The daughter of a traveling salesman and a sometime actress, Miss Hayes was born Helen Hayes Brown on Oct. 10, 1900, in Washington, D.C., and took her mother's maiden name professionally.
She was already a star in 1928 when she married Charles MacArthur, who, with another Chicago-based journalist, Ben Hecht, wrote "The Front Page," the definitive stage work on American journalism.
They were married until he died in 1956 after years of increasingly heavy drinking. In recent decades, she worked to promote her husband's memory as much as her own career.
The MacArthurs' first child, Mary, became famous in theatrical lore as the "act of God baby," because Miss Hayes precipitated a labor dispute by quitting her star role in the Broadway hit "Coquette" in order to await the birth. The show shut down, and the producer, Jed Harris, invoking an escape clause in the labor contract, said he did not have to pay the actors because the birth was an act of God. He was unsuccessful.

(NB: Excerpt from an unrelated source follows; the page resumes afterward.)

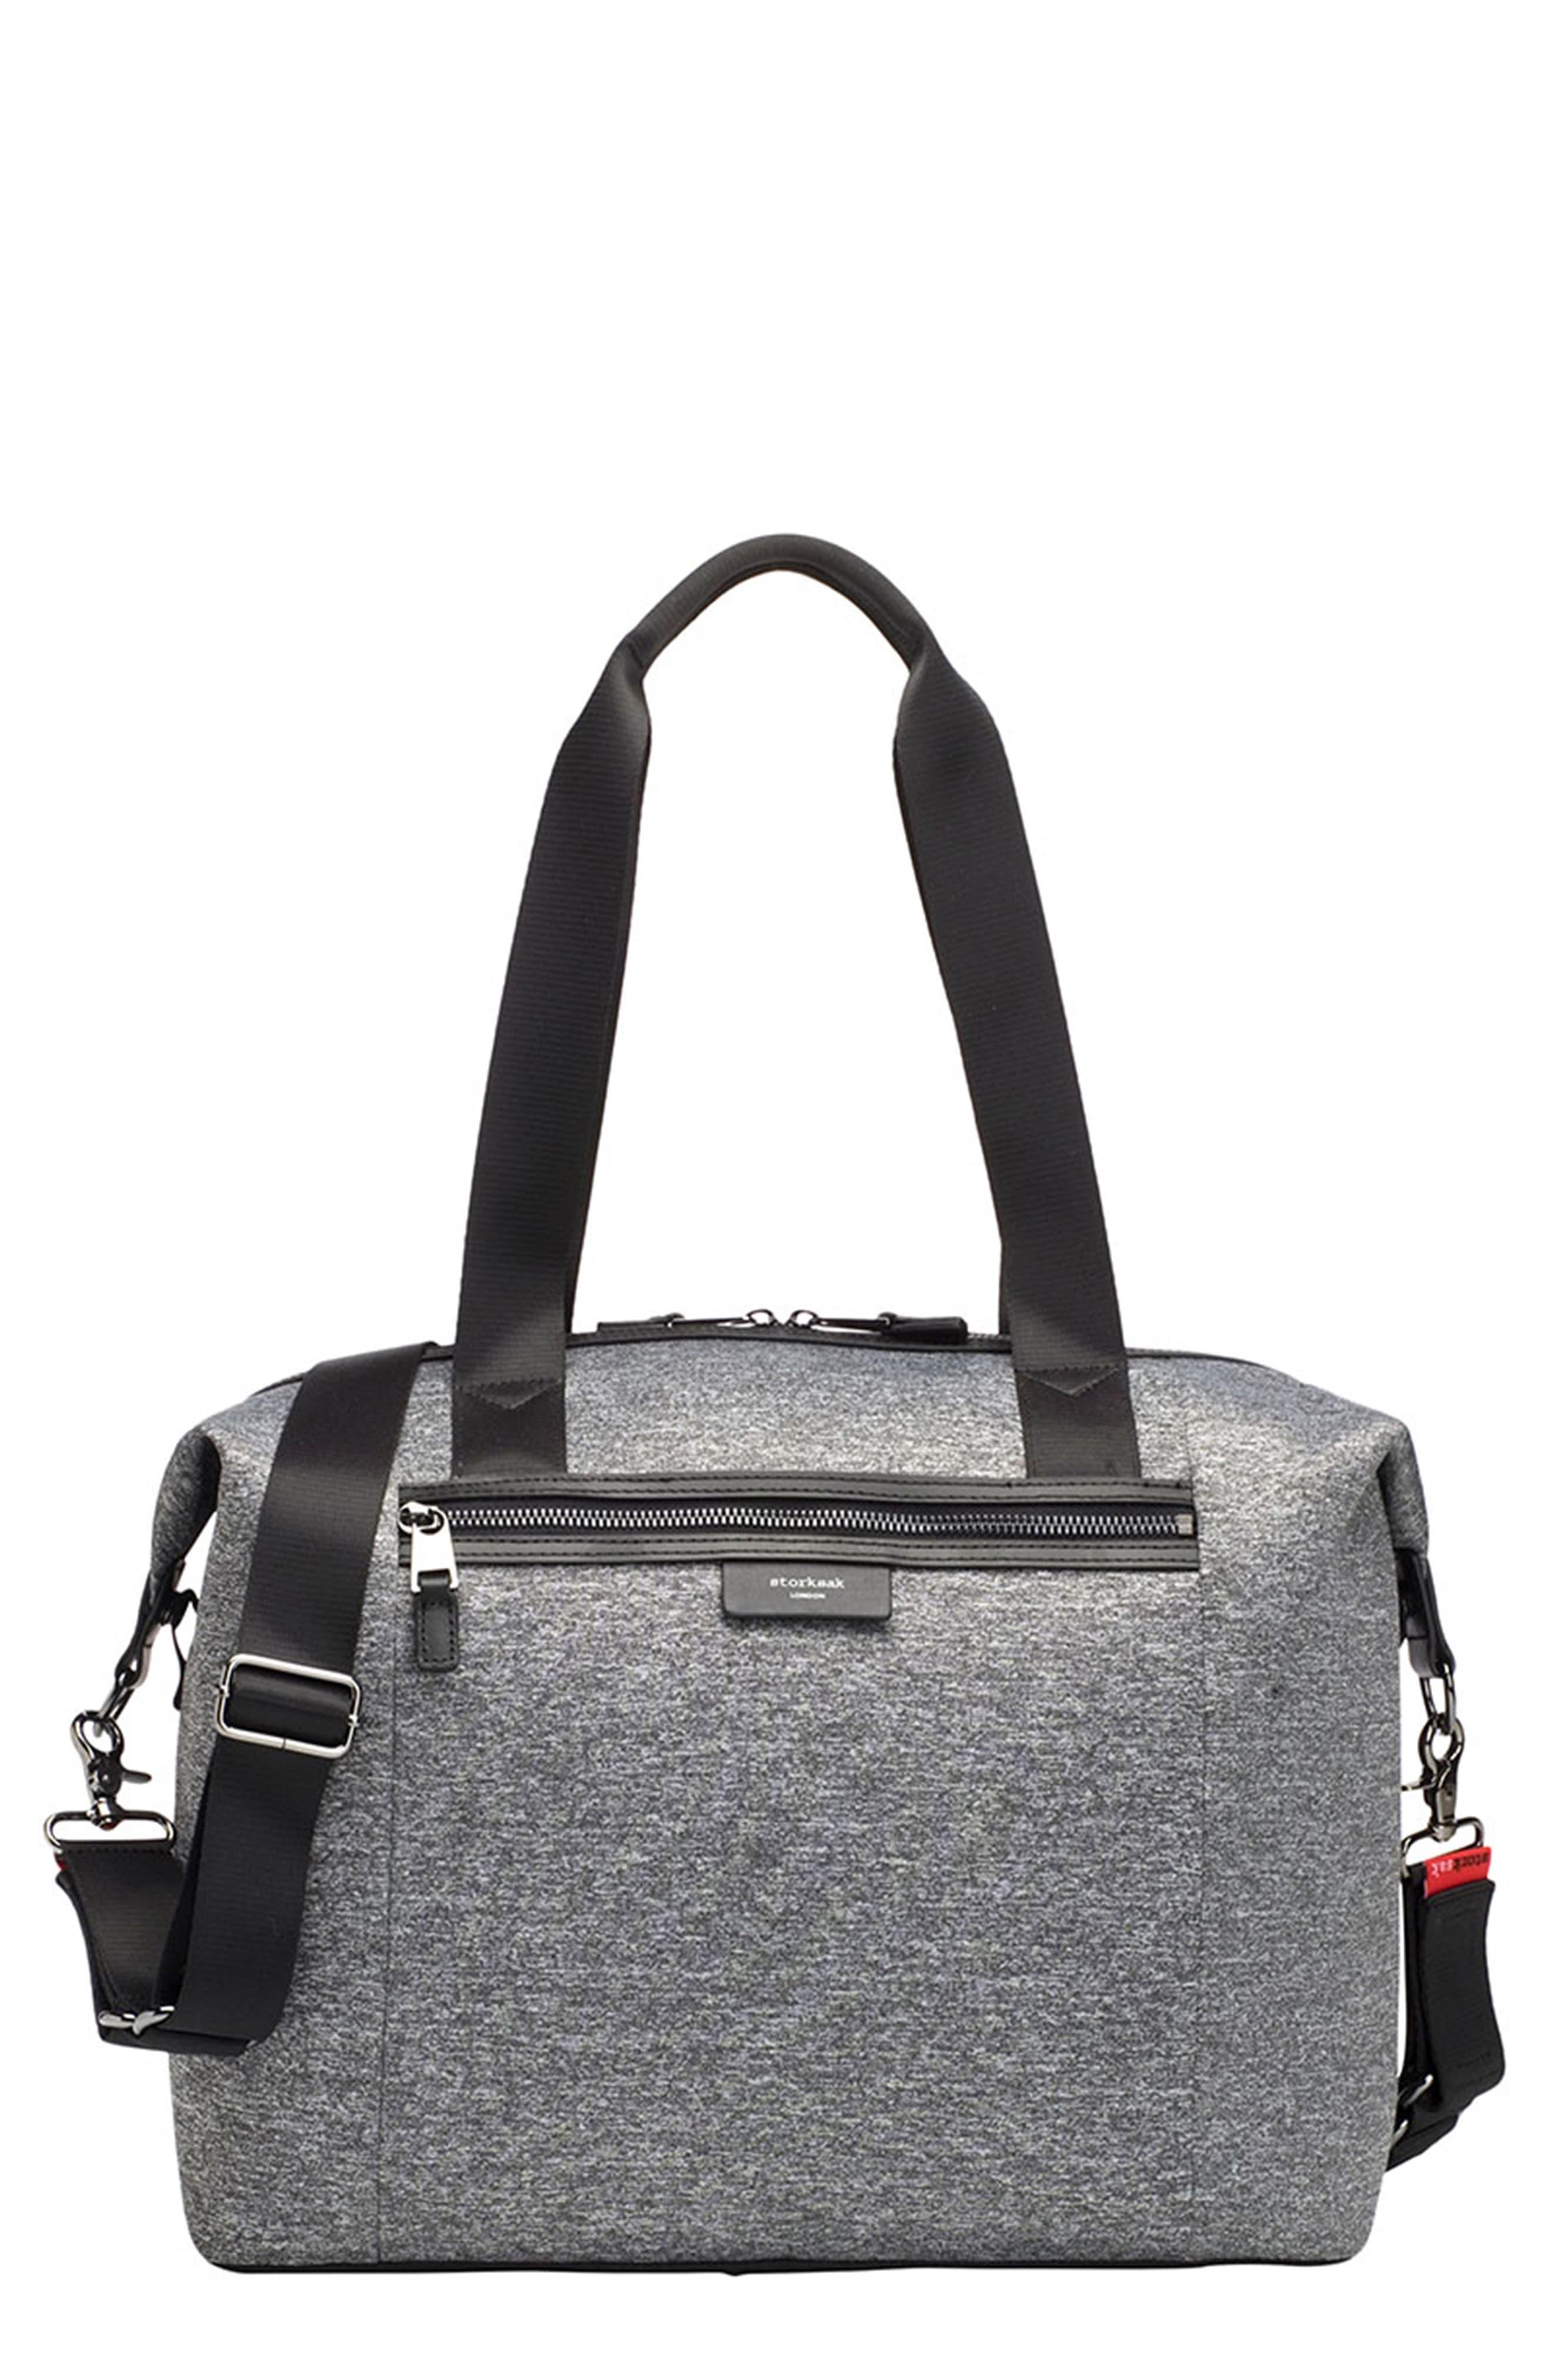 Infant Storksak Stevie Luxe Diaper Bag  Grey

Mary MacArthur died in 1949 at 19 of polio, a loss her mother mourned for many years. The MacArthurs had adopted James in 1938; he became a star on TV's "Hawaii Five-O."

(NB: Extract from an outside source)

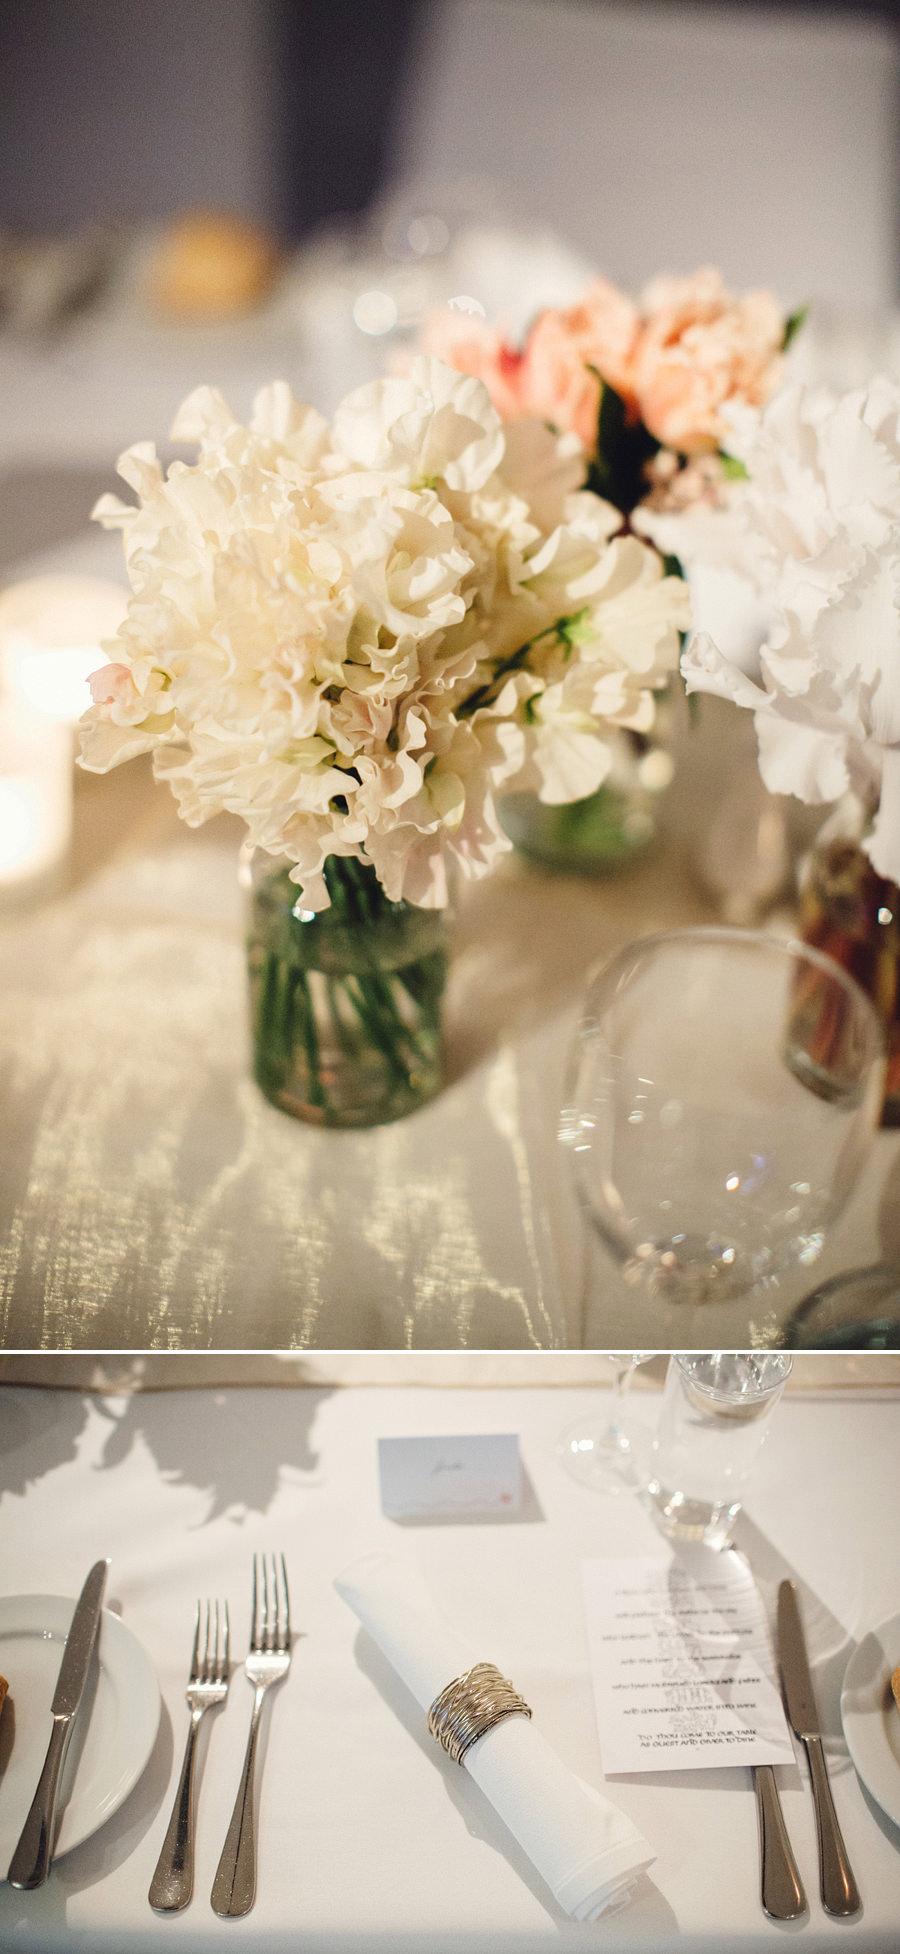 Zest Point Piper Wedding Photographers: Reception details

Eventually, Miss Hayes' offstage grace and soft-spoken advocacy, as well as her shrewd, steely common sense, became as essential to her public role as her acting. But hers was a long and full-bodied traditional career, as well, earning comparison to other greats of her day, Katharine Cornell and Lynn Fontanne in particular.

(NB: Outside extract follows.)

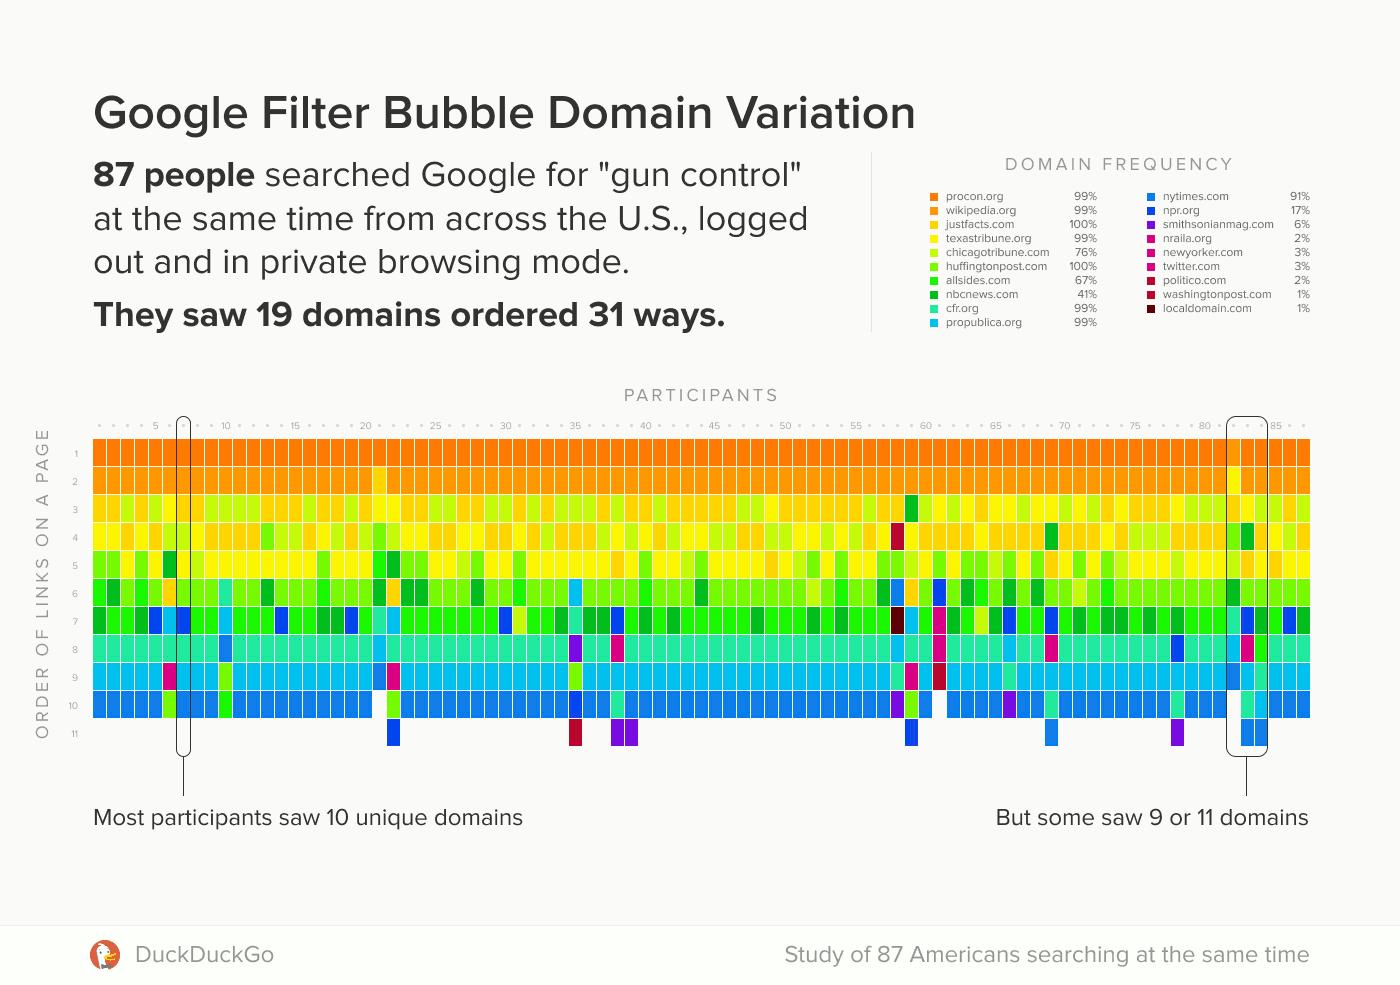 DuckDuckGo Google filter bubble study example

She made her Broadway debut at age 9 in 1909 in "Old Dutch," and thereafter also performed on Broadway as Cleopatra in George Bernard Shaw's "Caesar and Cleopatra"; as Maggie Wylie in James M. Barrie's "What Every Woman Knows" (which she often described as her favorite part); as Mary Stuart in Maxwell Anderson's "Mary of Scotland," and, her most famous role, as Queen Victoria, from teen years to widowhood, in Laurence Housman's "Victoria Regina."
She portrayed these roles on nationwide tours, as well as on Broadway, often traveling by special train from coast to coast. Her 1937-38 tour of "Victoria Regina," for example, grossed $1.2 million at the box office, a vast sum in those Depression days.
She later won Tony Awards in 1947 for her portrayal of a mousy librarian who goes on a spree in Anita Loos' "Happy Birthday" and in 1957 for her performance as an imperious duchess in Jean Anouilh's "Time Remembered." A third Tony, for lifetime achievement, came in 1980.
In the movies, she was twice nominated for an Oscar and won both times, in 1931 as best actress for "The Sin of Madelon Claudet" and in 1970 as supporting actress for her portrayal of the peppery little old lady stowaway in "Airport." After a distinguished beginning in such '30s films as "Arrowsmith" and "A Farewell to Arms," she left Hollywood for the stage.
She returned to the movies in the mid-1950s, confining herself to character roles and frequently appearing in Disney family films and lighthearted TV mysteries.
In all she won three Tonys, two Oscars, a television Emmy and a recording industry Grammy, for a disc on which she read the Bill of Rights. In 1981, she earned one of the lifetime achievement honors from the Kennedy Center for the Performing Arts. In 1980 she was one of 10 American artists to be commemorated on a gold medallion issued by the Treasury Department.
At a Washingon gala marking her 90th birthday, Miss Hayes recalled the 90th-birthday scene in "Victoria Regina." A crowd was cheering the aged monarch on when a man burst through a police line and yelled, "Go it, old girl. You've done well."
"I like that," she said. "I'm going to have it on my tombstone."
Her funeral will be private, but a memorial service will be held later.